The training of AI systems and humanoid robots increasingly relies on a distributed workforce of gig workers operating from home in countries like Nigeria. These workers, many holding other jobs, use smartphones and ring lights to record themselves performing physical movements and actions that feed into machine learning models. Companies developing humanoids need vast amounts of real-world human motion data, and outsourcing this task to remote workers in lower-cost countries has become standard practice.
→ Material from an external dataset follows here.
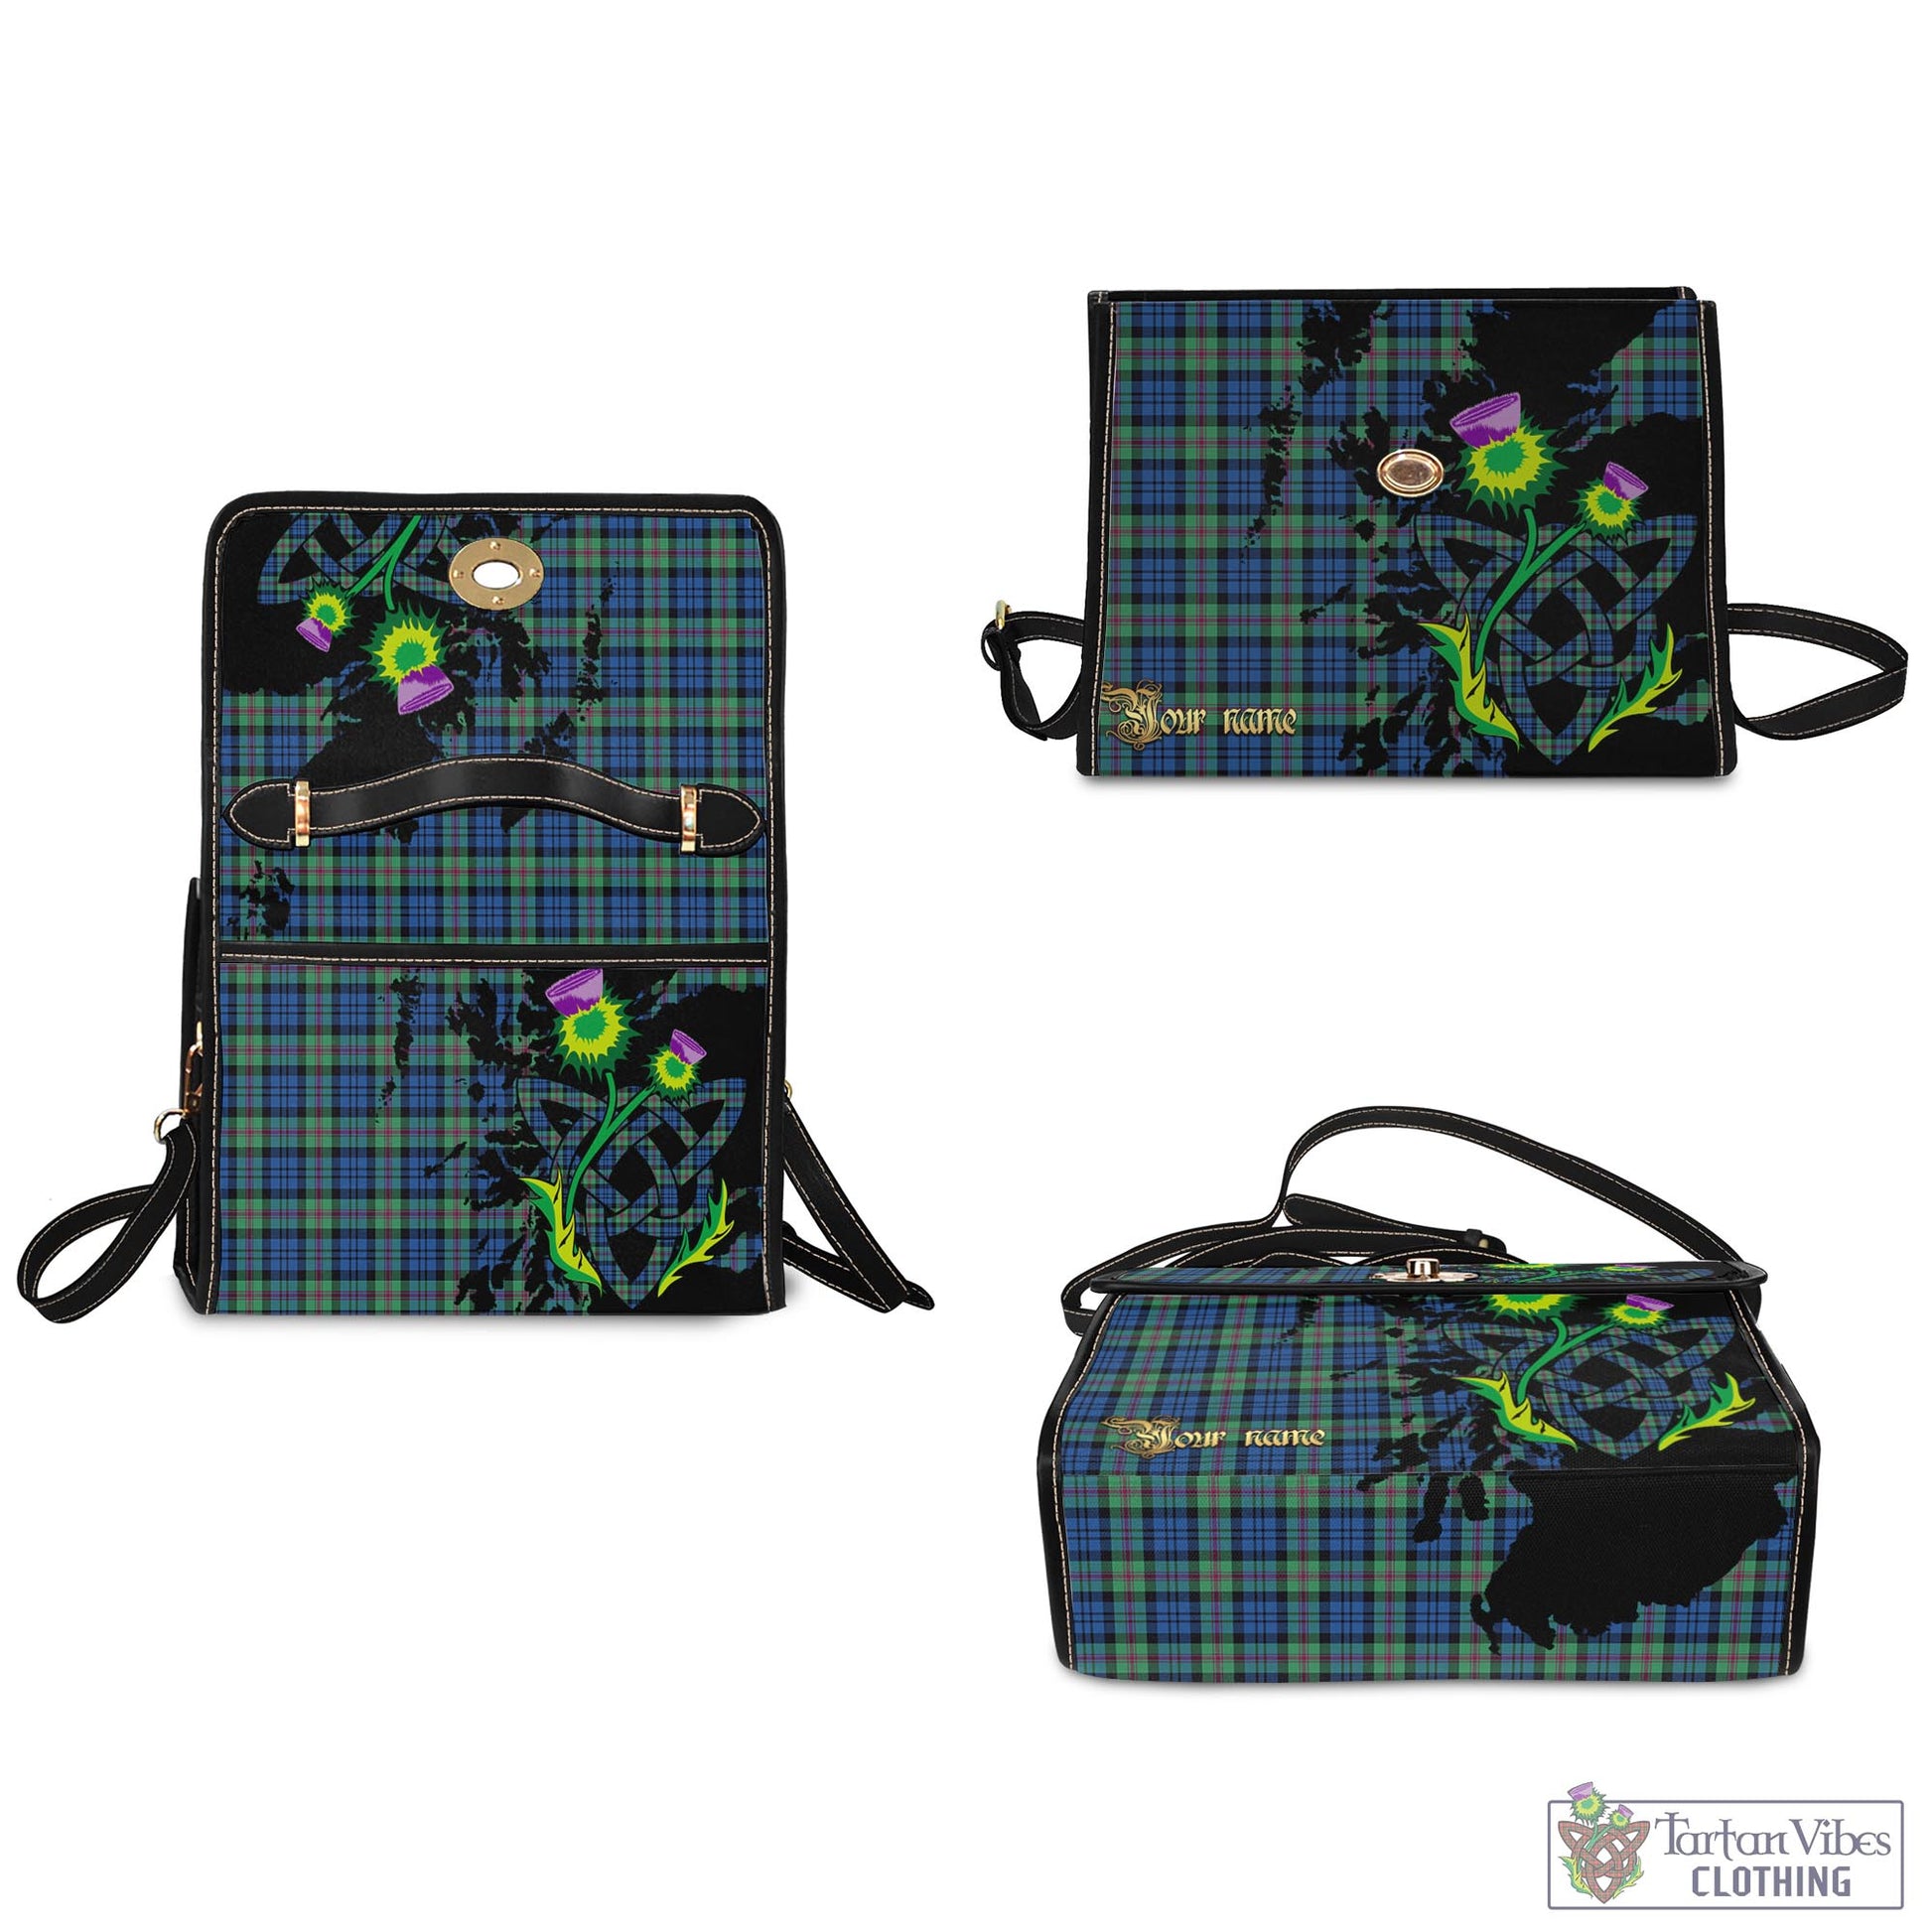 Tartan Vibes Clothing Baird Ancient Tartan Waterproof Canvas Bag with Scotland Map and Thistle Celtic Accents

However, this arrangement raises critical questions about labor standards, fair compensation, and the transparency of how AI development is actually being conducted globally.
This trend highlights a growing disconnect between the public narrative around AI advancement and the actual human infrastructure supporting it. While headlines focus on technological breakthroughs and corporate milestones, the workers providing essential training data often operate in precarious conditions with minimal oversight or protections. Gig workers typically lack employment benefits, clear contractual terms, or recourse if companies exploit their contributions. The practice also obscures the true cost of AI development—not just in computational resources, but in human labor that subsidizes corporate profits.
The emergence of this labor model demands urgent policy attention. Regulators, companies, and industry bodies must establish minimum standards for AI training work, including fair wages tied to local economies, transparent data usage policies, and worker protections. As AI companies scale up their operations, the ethical implications of relying on dispersed, unprotected workers become increasingly critical. Without intervention, the AI industry risks building prosperity on the backs of vulnerable workers who have little say in how their contributions are used or compensated.
As companies race to develop humanoid robots and advanced AI models, a growing workforce of gig laborers in developing countries are providing the training data that makes these systems work—often without adequate compensation or worker protections.